• _WHAT IS EXPECTED_
Set down precisely the lines from the line with "nightmare_marvel_comics.jpg" through the end of the material, inclusive, and no pictures.

• _EXERCISE DATA_
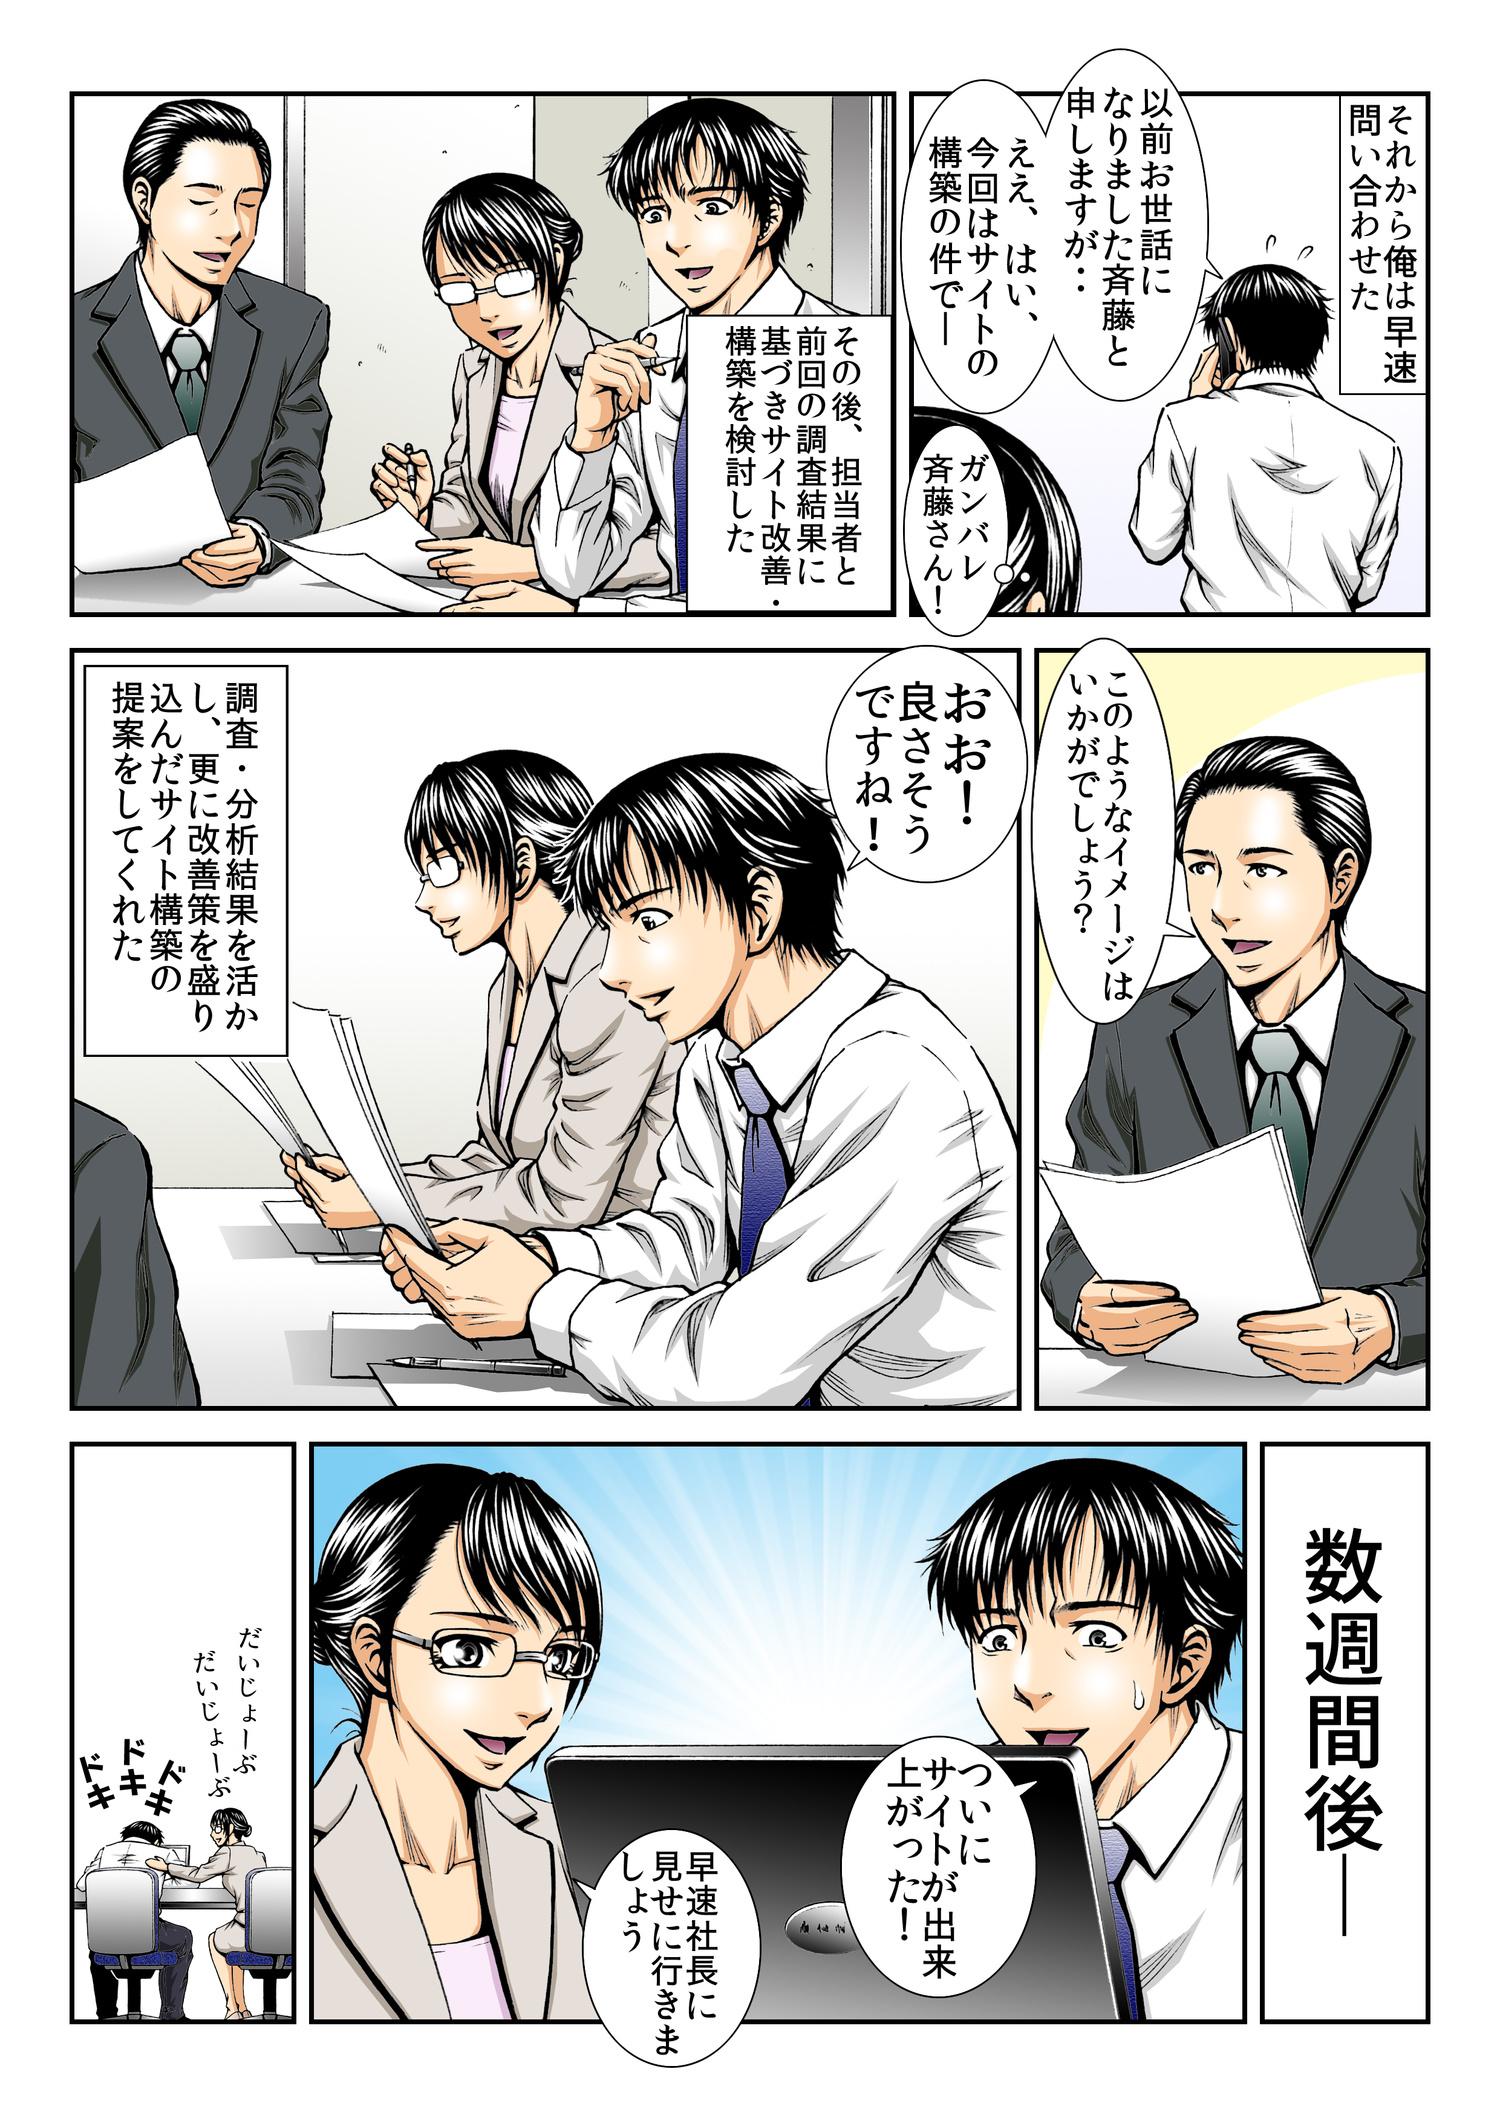 相川さんの説明で納得した斉藤さんは、NTTデータスマートソーシングにサイト改善・構築を依頼することに決めた。
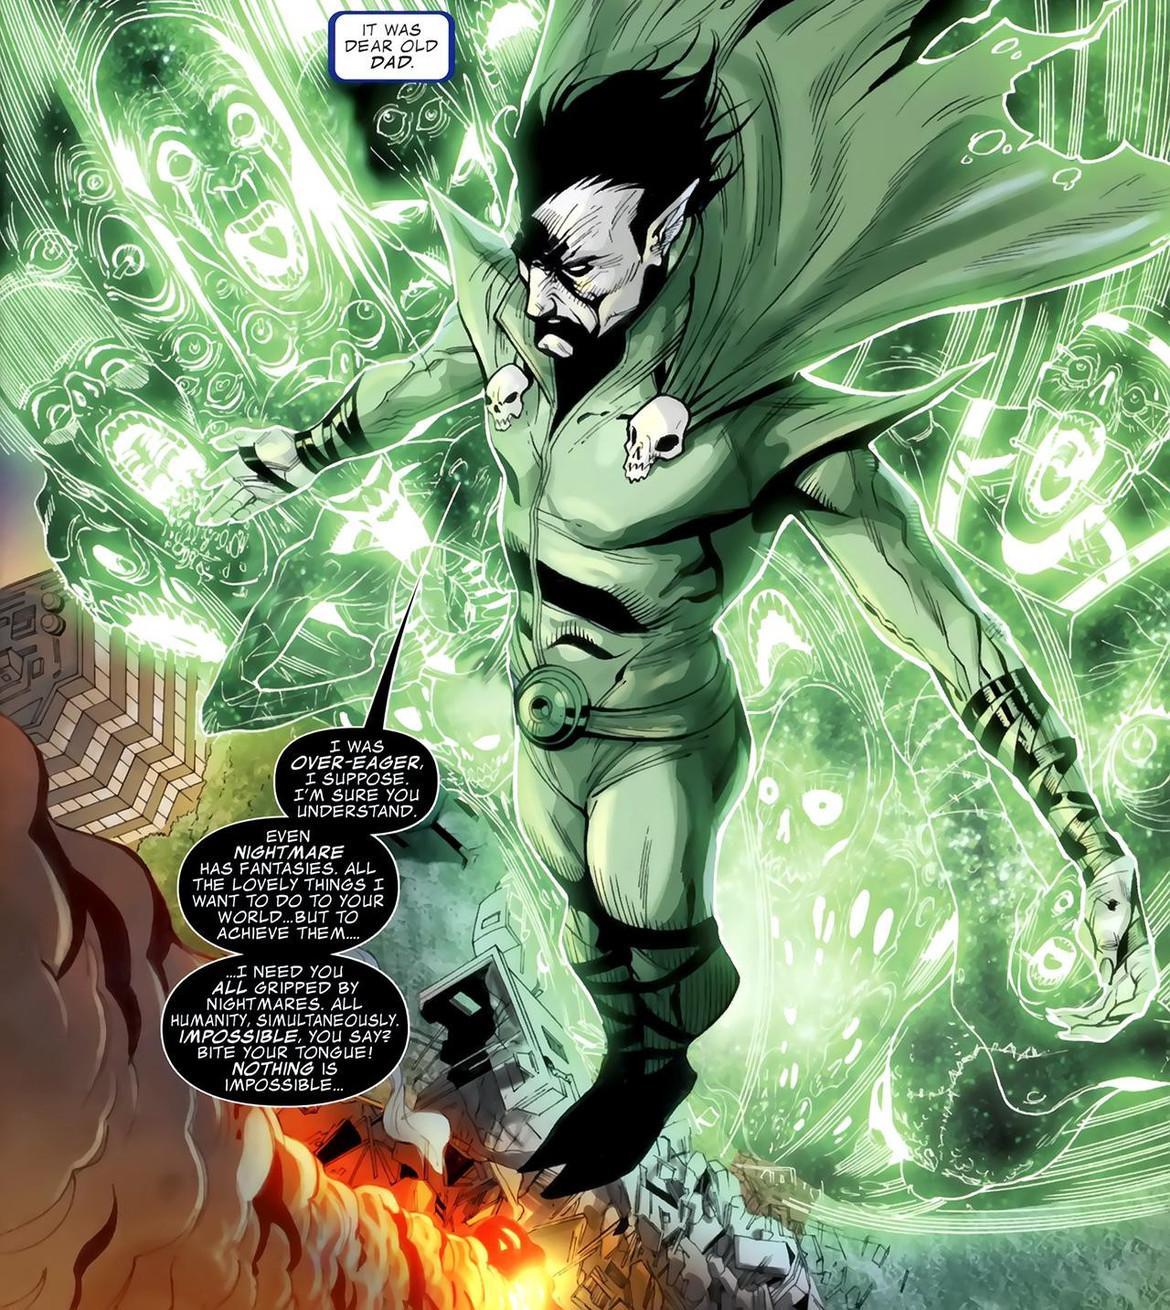 nightmare_marvel_comics.jpg
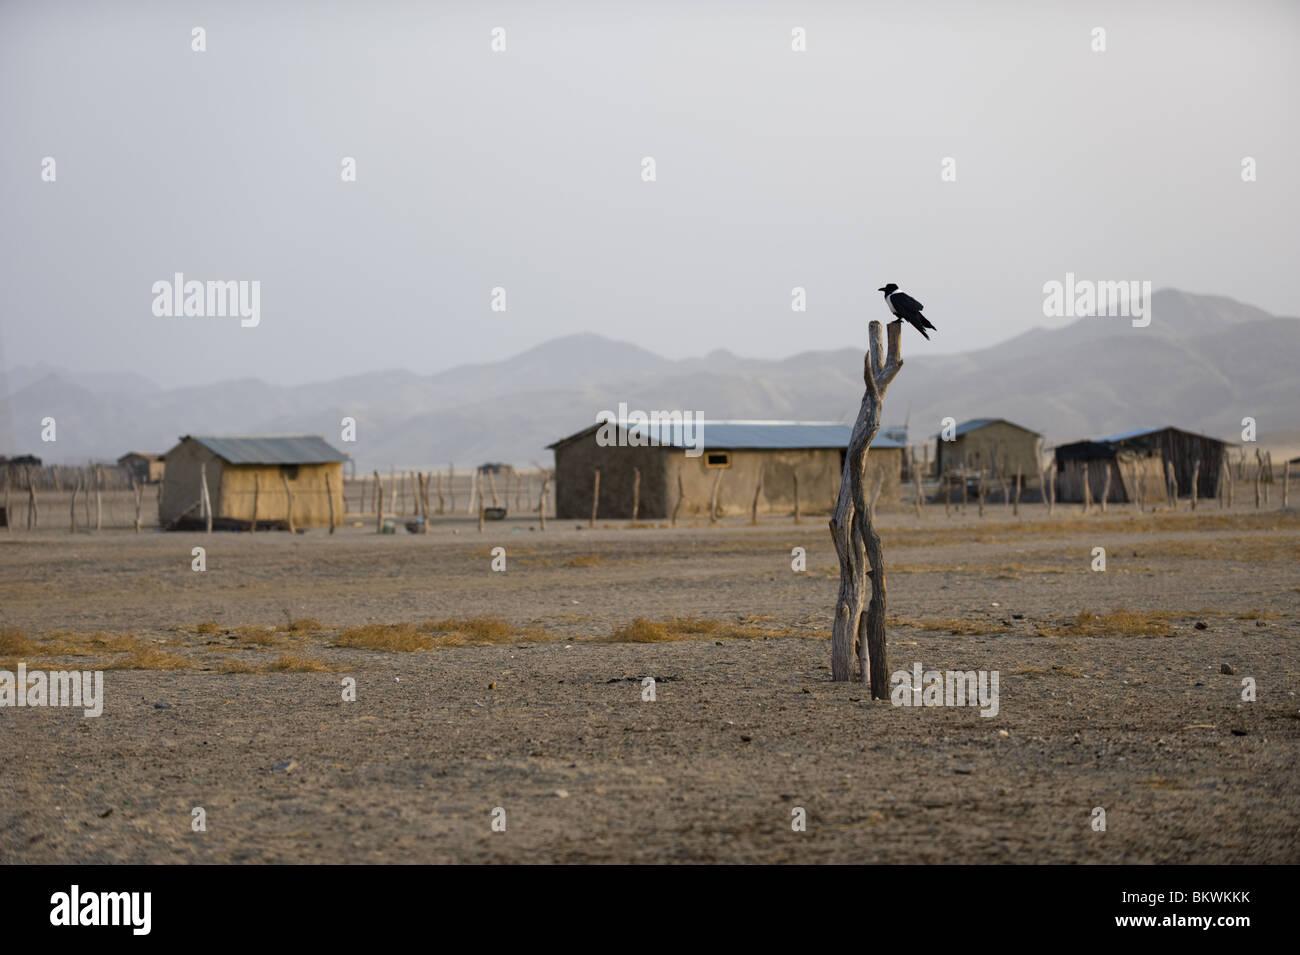 Purros vilage, Kaokoland, Kunene region, Namibia. Stock Photo

• _FINISHED EXERCISE_
 nightmare_marvel_comics.jpg
 Purros vilage, Kaokoland, Kunene region, Namibia. Stock Photo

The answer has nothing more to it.